**The data:**
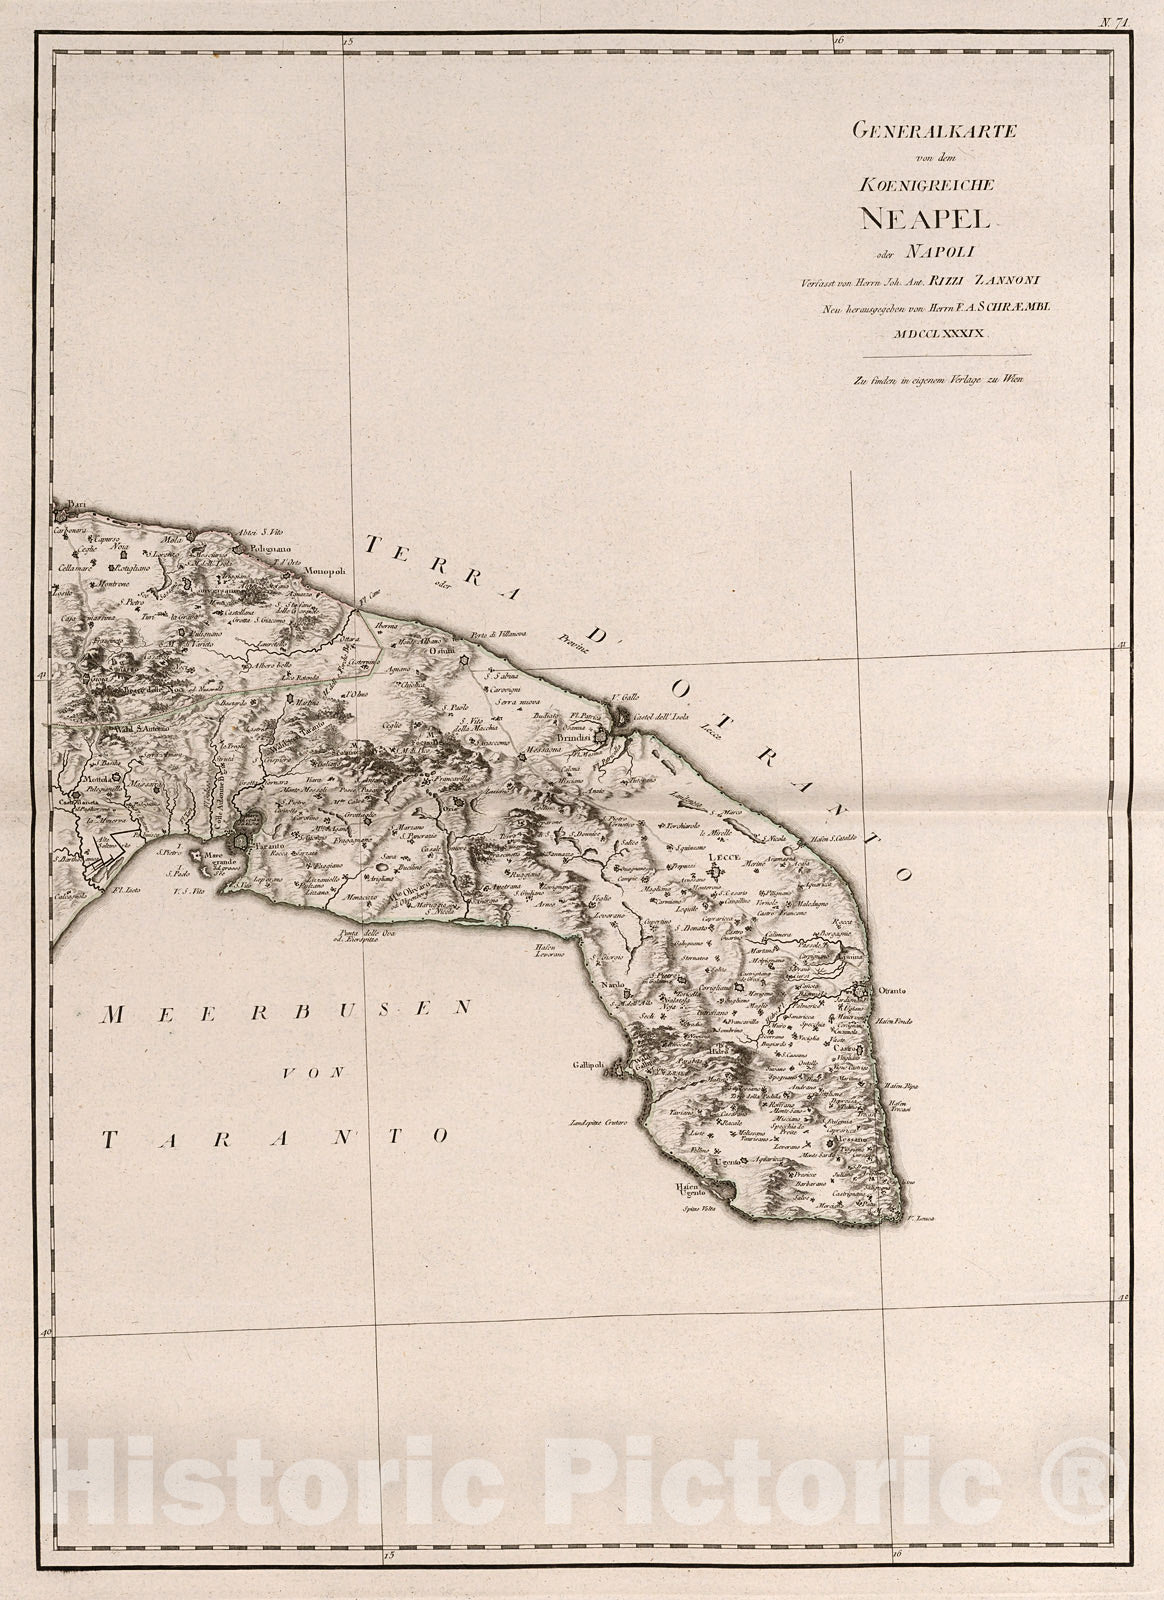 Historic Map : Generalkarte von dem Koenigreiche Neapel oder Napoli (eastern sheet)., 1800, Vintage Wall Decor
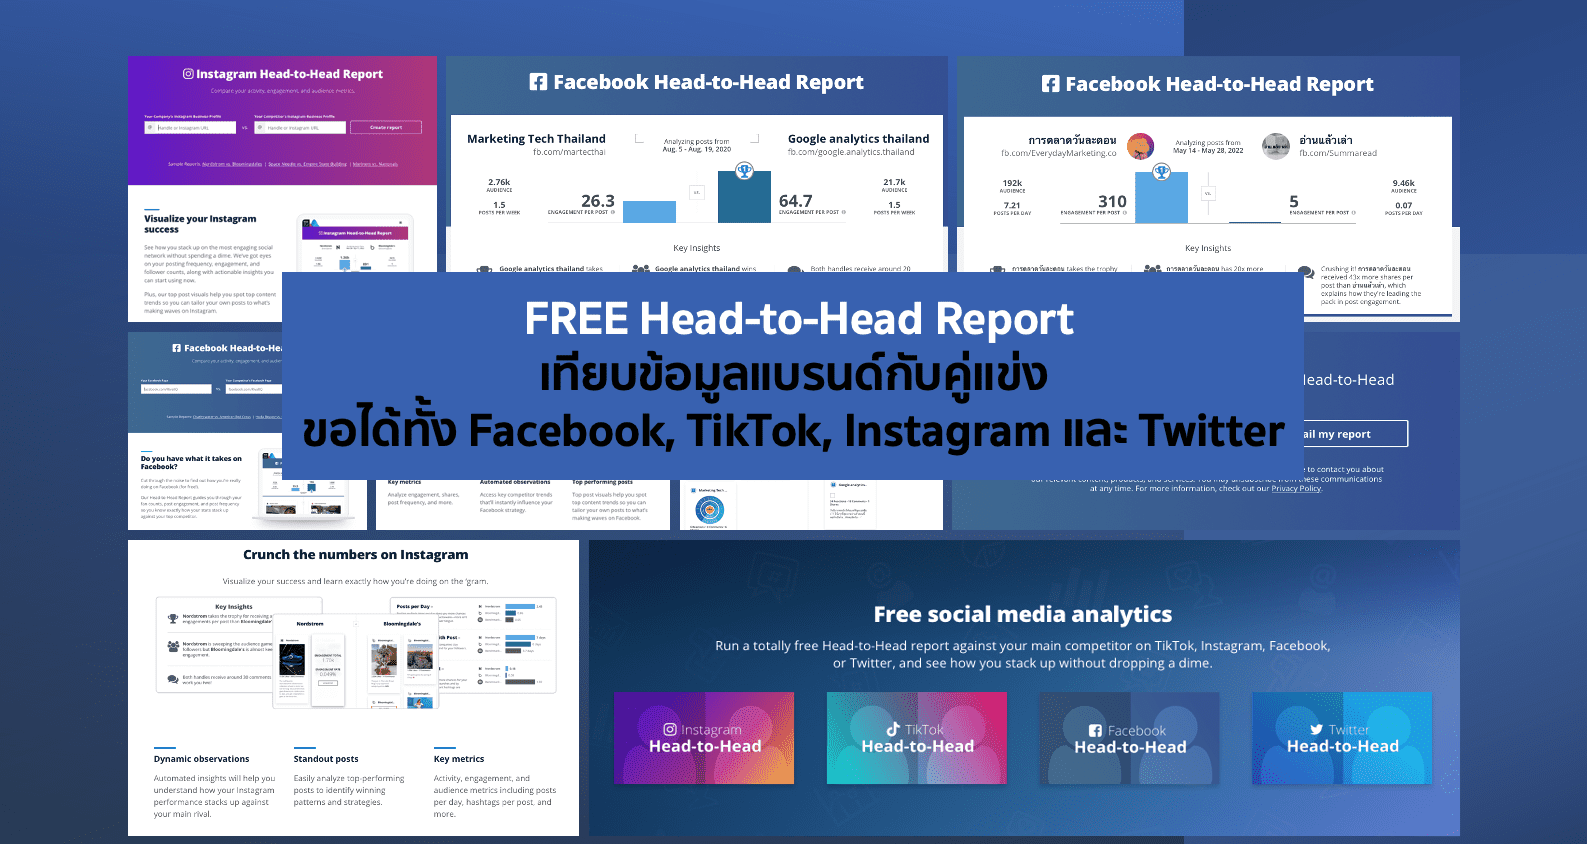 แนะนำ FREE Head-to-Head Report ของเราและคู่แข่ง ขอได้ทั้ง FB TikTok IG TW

* * *

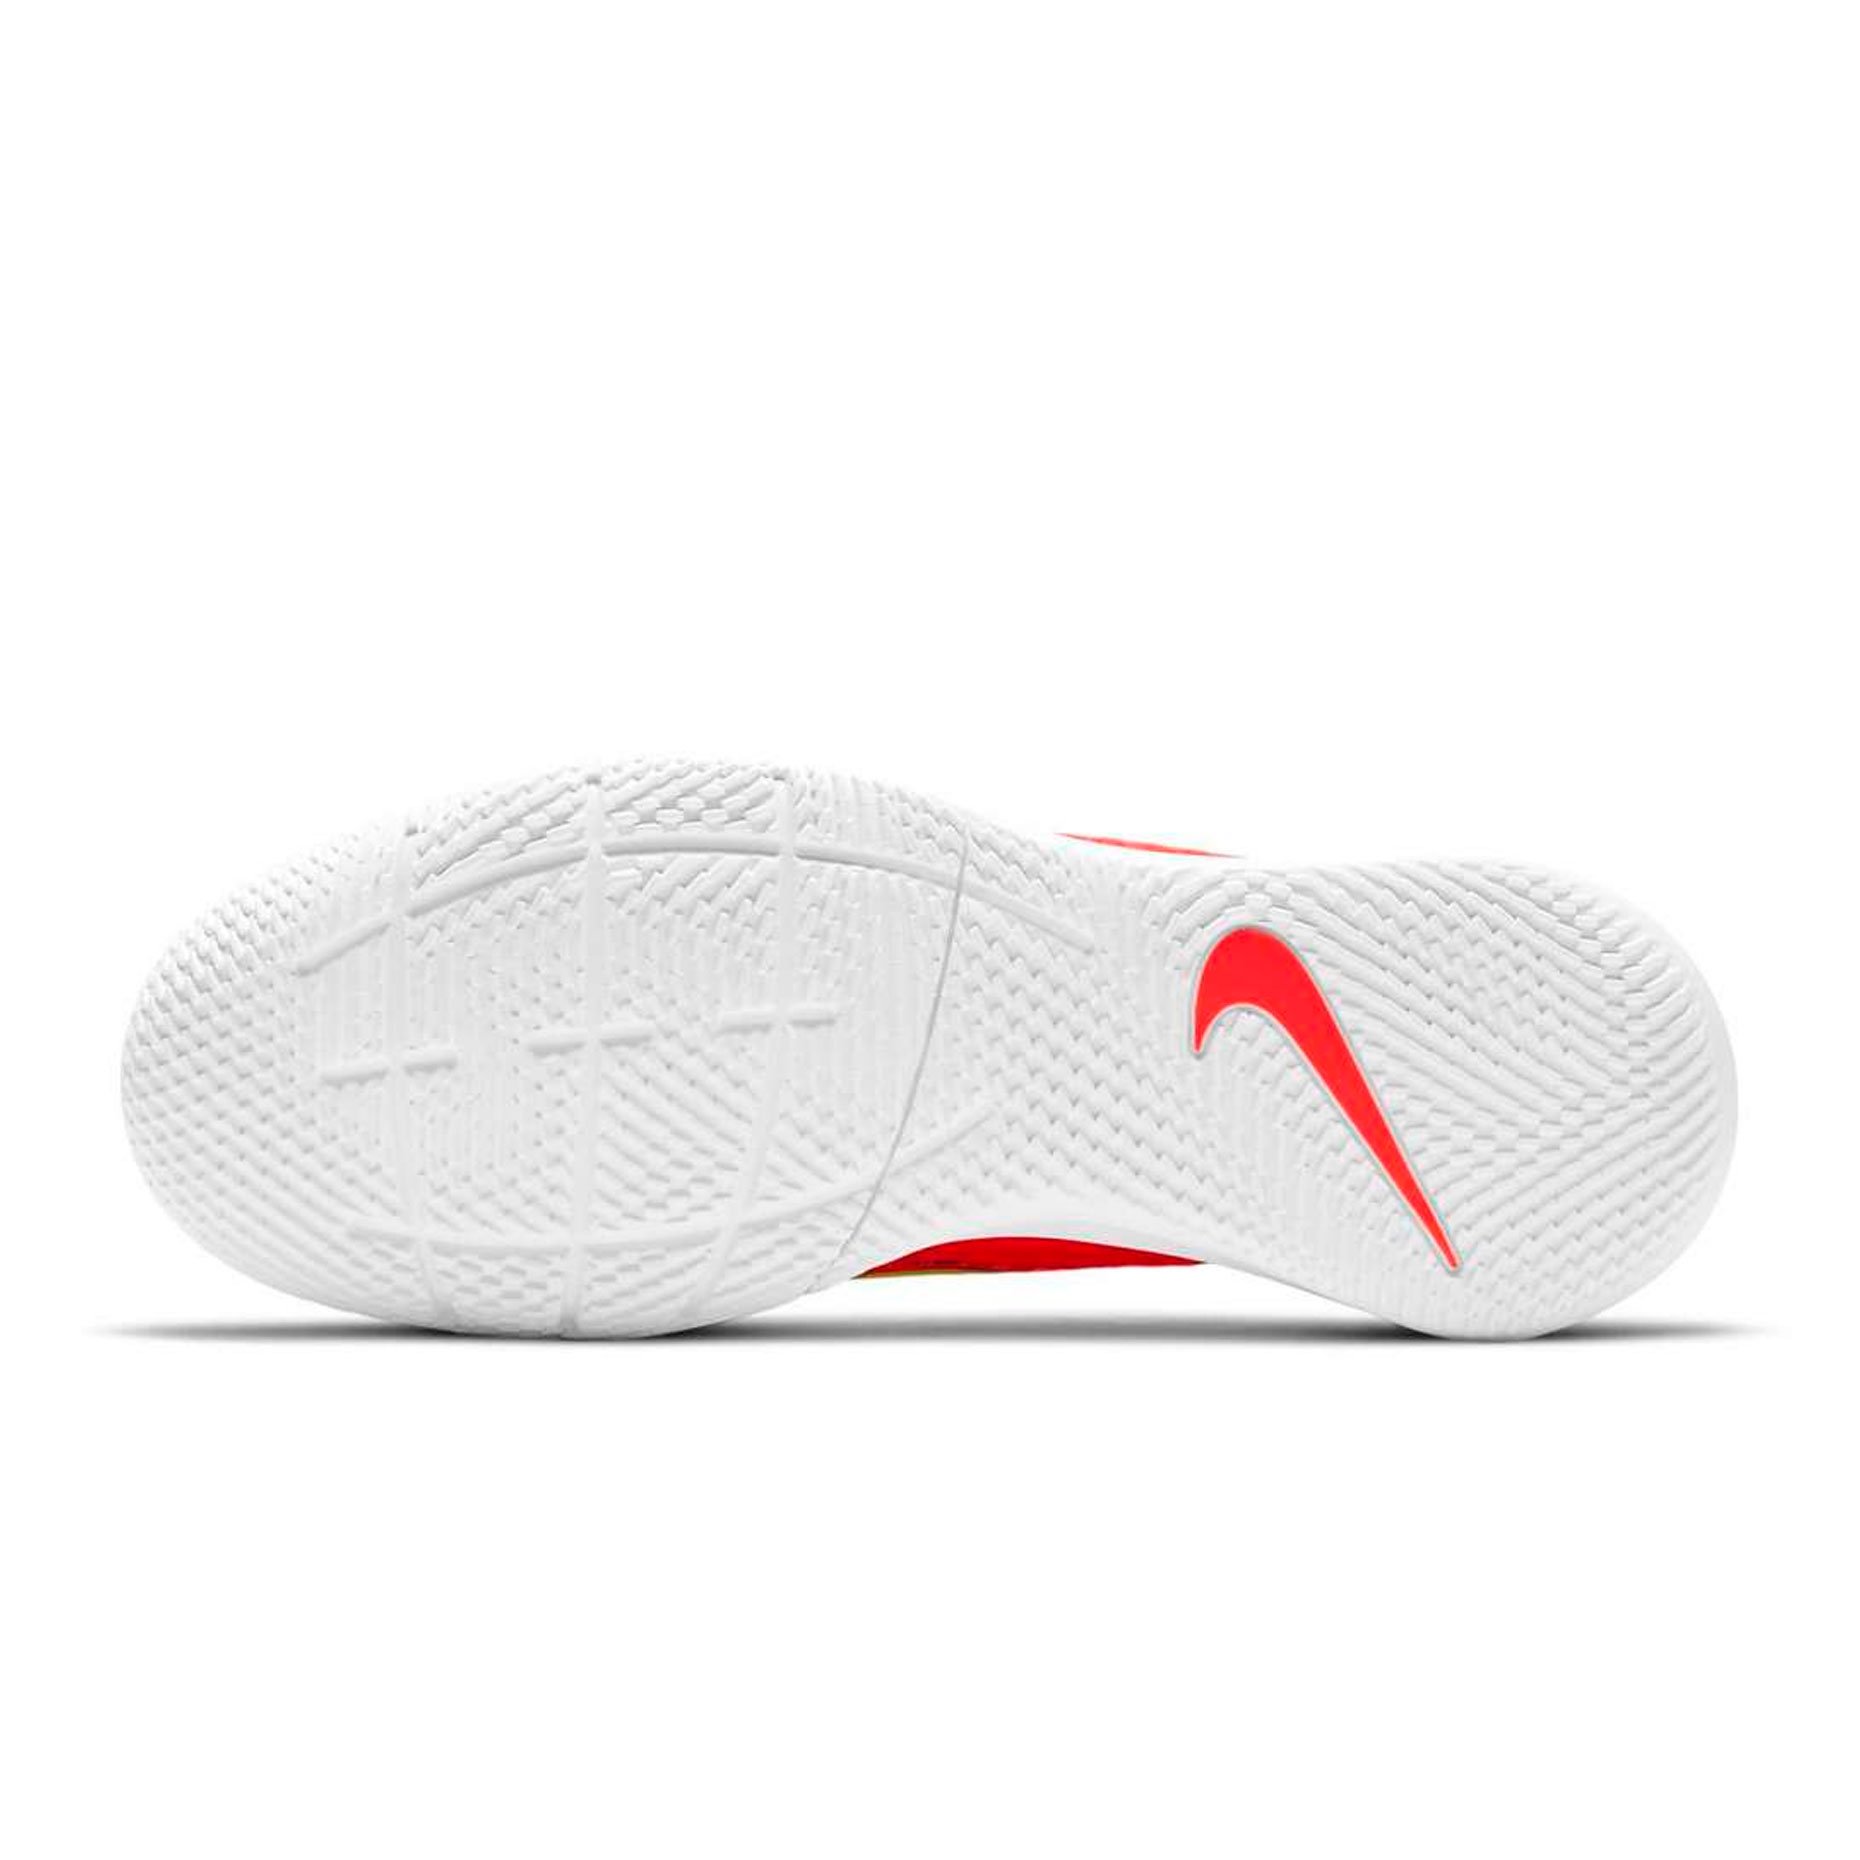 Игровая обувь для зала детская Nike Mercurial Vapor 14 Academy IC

**Exercise requirements:** What is wanted is an exact copy of the lines above from the one containing "Historic Map : Generalkarte" through the one containing "แนะนำ FREE Head-to-Head", with no pictures in it.

**Final answer:**
 Historic Map : Generalkarte von dem Koenigreiche Neapel oder Napoli (eastern sheet)., 1800, Vintage Wall Decor
 แนะนำ FREE Head-to-Head Report ของเราและคู่แข่ง ขอได้ทั้ง FB TikTok IG TW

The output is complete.